Ghidra vs. IDA Pro. Strengths and weaknesses of NSA’s free reverse engineering toolkit

In March 2019, the National Security Agency of the US Department of Defense (NSA) has published Ghidra, a free reverse engineering toolkit. A couple of years ago, I had read about it on WikiLeaks and was eager to lay hands on the software used by the NSA for reverse engineering. Now the time has come to satisfy our curiosity and compare Ghidra with other tools.

The problem of trust

The NSA has published the source codes of 32 projects under the Technology Transfer Program (TTP). The full list of projects is available on GitHub. The trolls were making jokes about the NSA using these programs to spy on the spies, and not on their victims. On the one hand, the source code of the products is open. The experts who are using them are skilled enough to check the software for any vulnerabilities. On the other hand, the first bug was identified immediately after the release of Ghidra.

British information security expert Matthew Hickey, Cofounder and Director of Hacker House, noted that Ghidra toolkit opens port 18001 on your local network in debugging mode and puts a listener on it. This enables Ghidra to establish a remote connection via JDWP; of course, for debugging purposes only. According to Hickey, it is easy to solve this problem: all you have to do it change line 150 in the support/launch.sh file from * to 127.0.0.1.

Over time, other bugs started popping up. For instance, experts found an XML external entity (XXE) vulnerability that could be exploited by attackers that are able to trick a Ghidra user into opening or restoring a specially crafted project. Therefore, be cautious!

Ghidra can be downloaded from its official Web site ghidra-sre.org, but there is a problem: the site cannot be accessed from some countries outside of the US (including Canada). However, I believe that this won’t stop our international readers; VPN and Tor are hackers’ best friends.

Unpacked Ghidra archive

Unpacked Ghidra archive

So, you have downloaded and unpacked the ghidra_9.0_PUBLIC_20190228 archive. Let us go through the main folders and look what is inside.

First, I strongly recommend to review the docs directory. It contains plenty of slides and PDF files with information about Ghidra, its plugins and features.

There is nothing of interest in the Licenses folder. The Server folder contains tools required to launch a remote debug server. The Support folder stores additional tools required to run the program.

The Ghidra folder is more interesting: the Processors subdirectory provides a full list of supported architectures, which include 6502, 68000, 6805, 8051, 8085, AARCH64, ARM, Atmel, CR16, DATA, JVM, MIPS, PA-RISC, PIC, PowerPC, Sparc, TI_MSP430, Toy, x86, and Z80.

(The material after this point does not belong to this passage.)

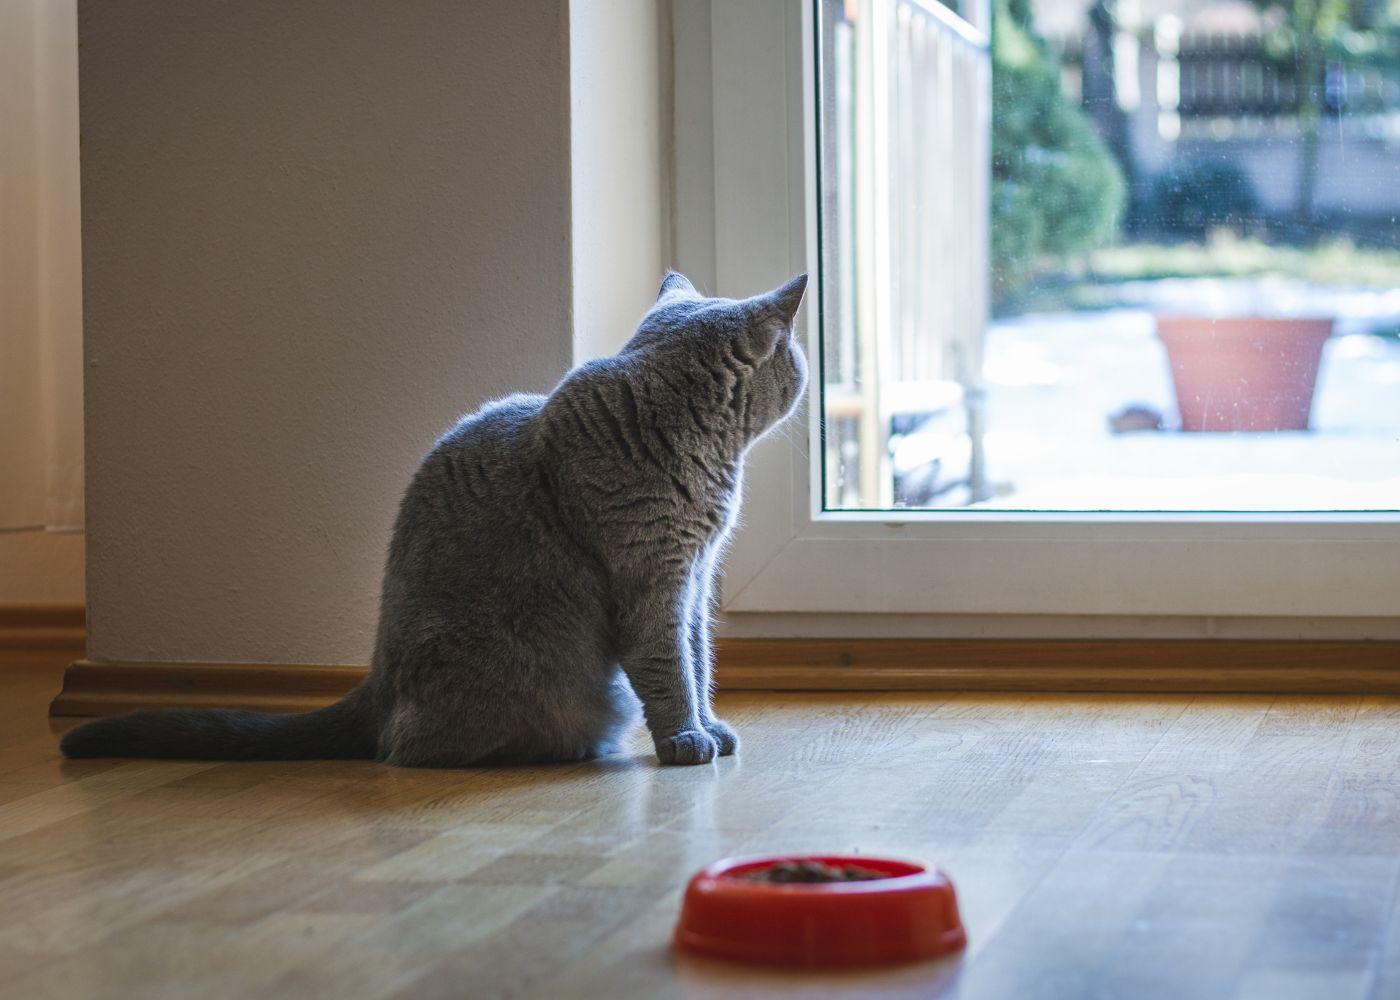 gato a olhar pela janela

Folders with instructions for various architectures

Folders with instructions for various architectures

Now it is time to examine the application! To launch Ghidra under Windows, run ghidraRun.bat. Linux users will launch ghidraRun.sh. The project is largely based on Java; therefore, make sure you have the Java Runtime installed.

New Project window

New Project window

First, the program offers to create a project and add the required binary files for analysis. Then the icon with a green dragon becomes active and opens the CodeBrowser, our main working environment.

CodeBrowser main window

CodeBrowser main window

Initially, we are presented with a window showing the file’s technical information. The tool prompts us to analyze it and select the analysis options. We’ll accept the prompt. The main interface looks unusual, at least for me.

CodeBrowser

CodeBrowser

Finally, we can analyze the file header. What we see is the IMAGE_DOS_HEADER structure, which is not an entry point. I can observe that all the fields are displayed correctly, and everything looks nice and makes sense.

INFO

During the first launch, the code and other fields in the many windows of the disassembler had a very unusual layout. This was an easy fix. The visual elements in the Disassembly Listing (“disasm” view) can be customized using the “Edit the listing fields” button in the upper-right corner.

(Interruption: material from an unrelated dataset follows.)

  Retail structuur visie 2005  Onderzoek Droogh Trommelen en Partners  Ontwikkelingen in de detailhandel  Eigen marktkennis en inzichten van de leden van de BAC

The Decompiler window is on the right, we’ll get back to it later. There is also Functions tab in the bottom-right part of the screen, let us press it.

Functions tab

Functions tab

Here we see the list of functions with their signatures, which is very handy. Let us select a function and see what happens next.

Initial code of a disassembled function

Initial code of a disassembled function

This is the very beginning of the function, containing its signature, parameters and their types, return value, calling conventions, and disassembly listing. The Display Function Graph button is located on top of the screen; I highlighted it on the screenshot. Let us press it.

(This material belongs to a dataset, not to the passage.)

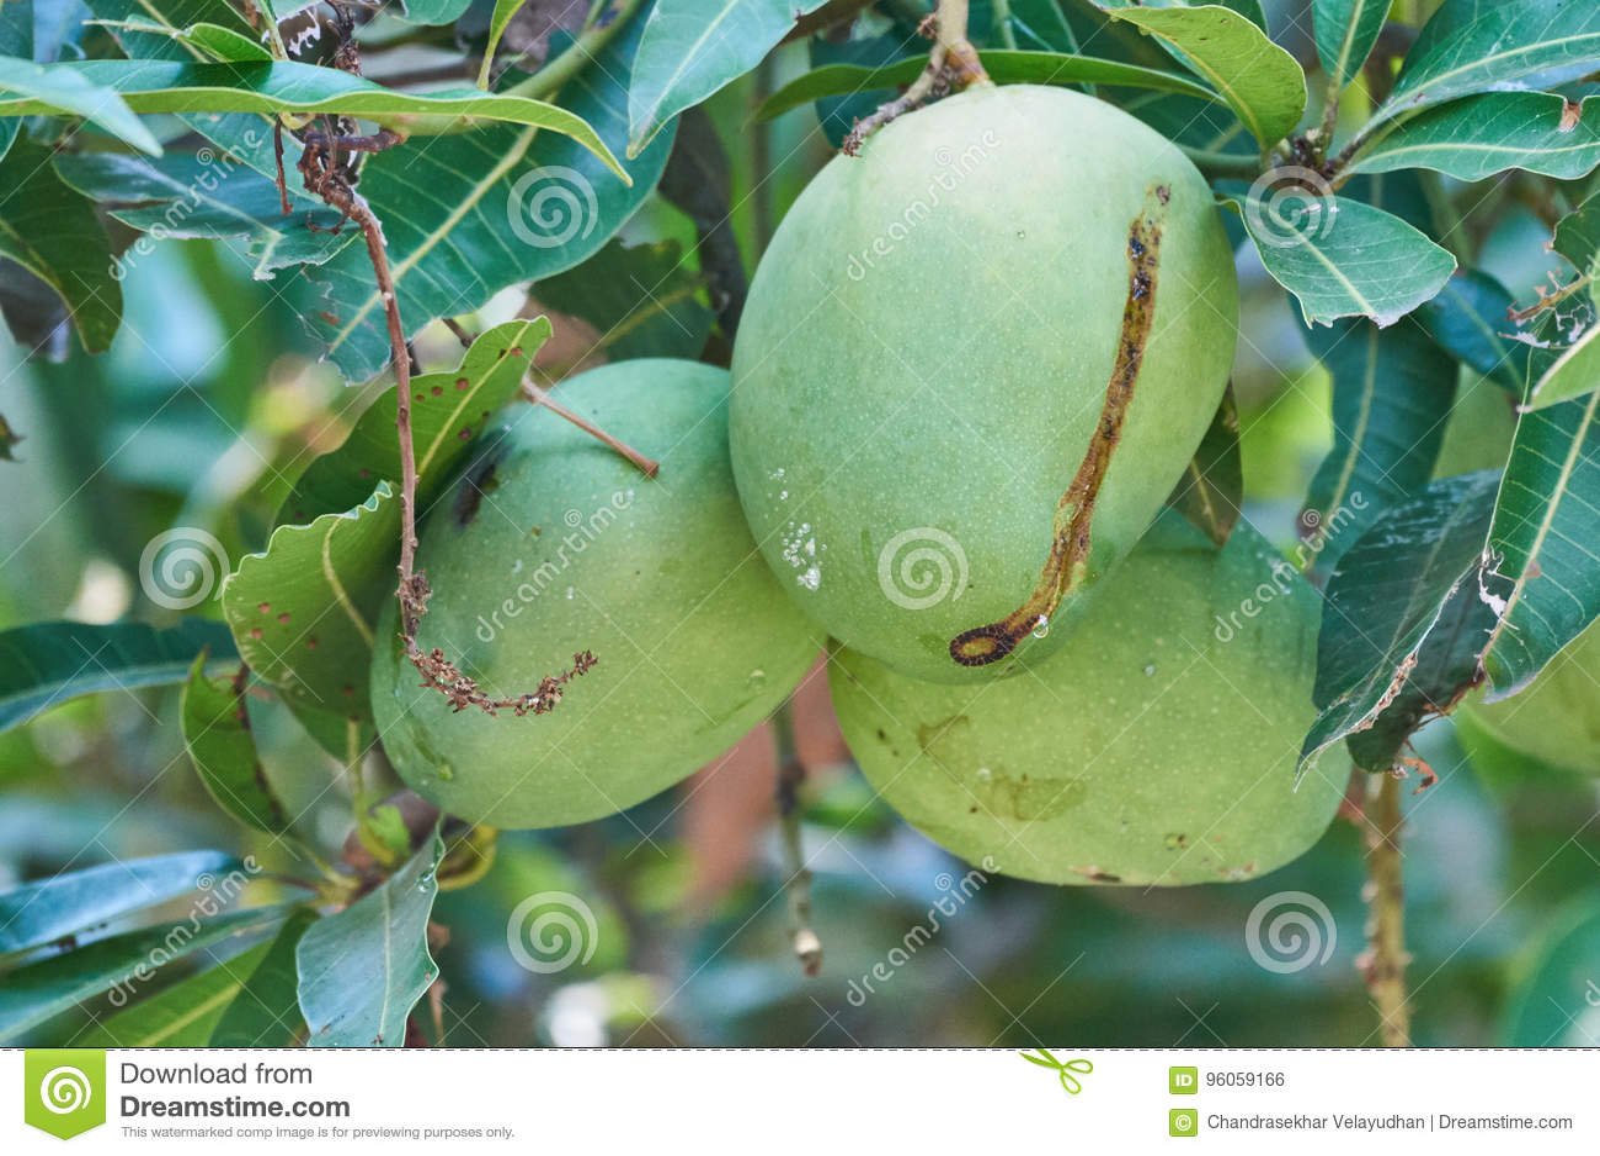 Trois mangues vertes pendant d un arbre

Code visualization in Ghidra

Code visualization in Ghidra

Code visualization in IDA Pro

Code visualization in IDA Pro

A nice animation appears when you move the cursor over the code blocks (it can be seen on the screenshot). I made two screenshots of the same function graphically presented by both Ghidra and IDA Pro. In my opinion, the graph generated by Ghidra is more informative. In addition, Ghidra marks constructions such as if… else on the graph. I understand that this may sound childish, but for me personally, the code visualization in Ghidra is more informative and convenient than that in IDA Pro. Furthermore, the function graph is highly customizable.

Ghidra also offers lots of searching functionality; to see all available options, you just have to select Search in the framework menu and review the dropdown list. For instance, this is how the string search dialog looks:

String search window

String search window

Ghidra is able to compute cross references to and from almost any item (string, instruction, register, etc.). To use this function, select References in the context menu and specify what are you looking for. Furthermore, in the beginning of every function, Ghidra attempts to display cross references to it.

Ghidra includes a built-in hex viewer; to toggle the hex view, you have to open the Windows → Bytes menu.

Built-in hex viewer

Built-in hex viewer

Ghidra supports the assembly code patching function straight out of the box. To use it, select a code line and press Ctrl + Shift + G or, alternatively, select Patch Instruction in the context menu. There is an interesting visual feature in the program: if you select some code in the Decompiler window, that piece of code is automatically selected in the Disassembly Listing window.

Code selection in Ghidra

Code selection in Ghidra

Another exciting feature is that Ghidra, out of the box, ships with a Script Manager – a set of scripts suitable for all occasions. Of course, if some script is missing, you can add it. All scripts are written in Java. Just for information, see below the full listing of the CreateExportFileForDll.java script whose name is self-explanatory. 🙂

import generic.jar.ResourceFile;
import ghidra.app.script.GhidraScript;
import ghidra.app.util.opinion.LibraryLookupTable;

public class CreateExportFileForDLL extends GhidraScript {
  @Override
  public void run() throws Exception {
    // Push this .dll into the location of the system .exports files.
    // Must have write permissions.
    ResourceFile file = LibraryLookupTable.createFile(currentProgram, false, true, monitor);

    println("Created .exports file : " + file.getAbsolutePath());
  }
}

The scripts can be edited in the simple built-in editor or opened in IDE Eclipse directly from the context menu. Of course, if you want to use that, then you must have Eclipse installed on your PC.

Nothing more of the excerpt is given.